Information-theoretic analysis of protein sequences shows that amino acids self-cluster.

Abstract We analyse for each of 20 amino acids X the statistics of spacings between consecutive occurrences of X within the well-characterized Saccharomyces cerevisiae genome. The occurrences of amino acids may exhibit near random, clustered or smoothed out behaviour, like one-dimensional stochastic processes along the protein chain. If amino acids are distributed randomly within a sequence, then they follow a Poisson process, and a histogram of the number of observations of each gap size would asymptotically follow a negative exponential distribution. The novelty of the present approach lies in the use of differential geometric methods to quantify information on sequencing of amino acids and groups of amino acids, via the sequences of intervals between their occurrences. The differential geometry arises from an information-theoretic distance function on the two-dimensional space of stochastic processes subordinate to gamma distributions—which latter include the random process as a special case. We find that maximum-likelihood estimates of parametric statistics show that all 20 amino acids tend to cluster, some substantially.
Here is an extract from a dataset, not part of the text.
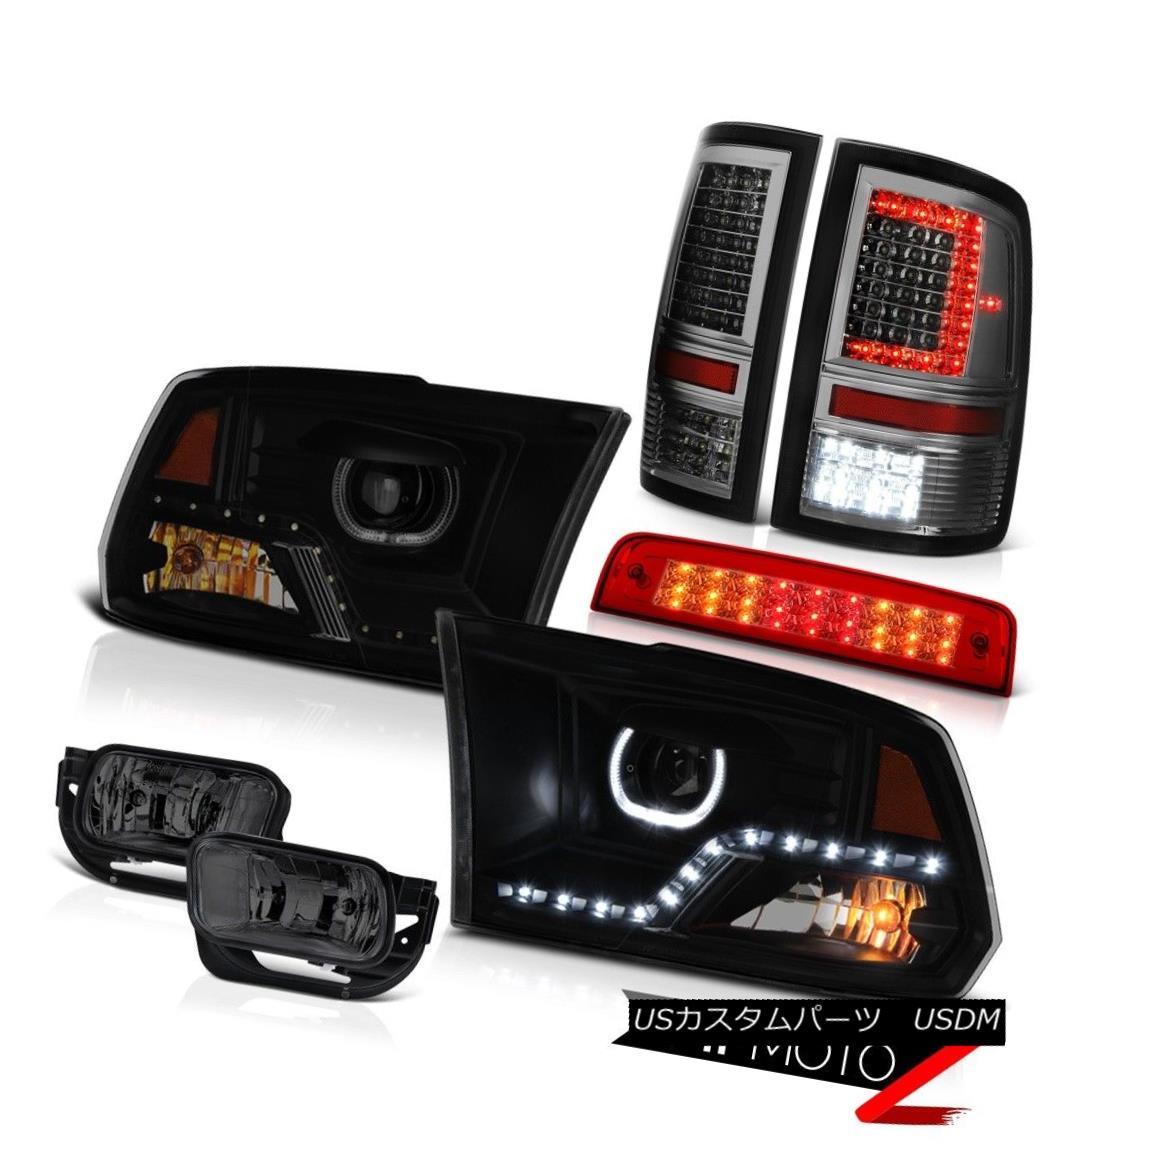 テールライト 09-13 Dodge RAM 1500 2500 3500 Tail Light DRL Headlight 3rd Brake Driving Lamps 09-13 Dodge RAM 1500 2500 3500テールライトDRLヘッドライト第3ブレーキ駆動ランプ

In other words, the frequencies of short gap lengths tend to be higher and the variance of the gap lengths is greater than expected by chance. This may be because localizing amino acids with the same properties may favour secondary structure formation or transmembrane domains. Gap sizes of 1 or 2 are generally disfavoured, 1 strongly so. The only exceptions to this are Gln and Ser, as a result of poly(Gln) or poly(Ser) sequences. There are preferences for gaps of 4 and 7 that can be attributed to α -helices. In particular, a favoured gap of 7 for Leu is found in coiled coils. Our method contributes to the characterization of whole sequences by extracting and quantifying stable stochastic features.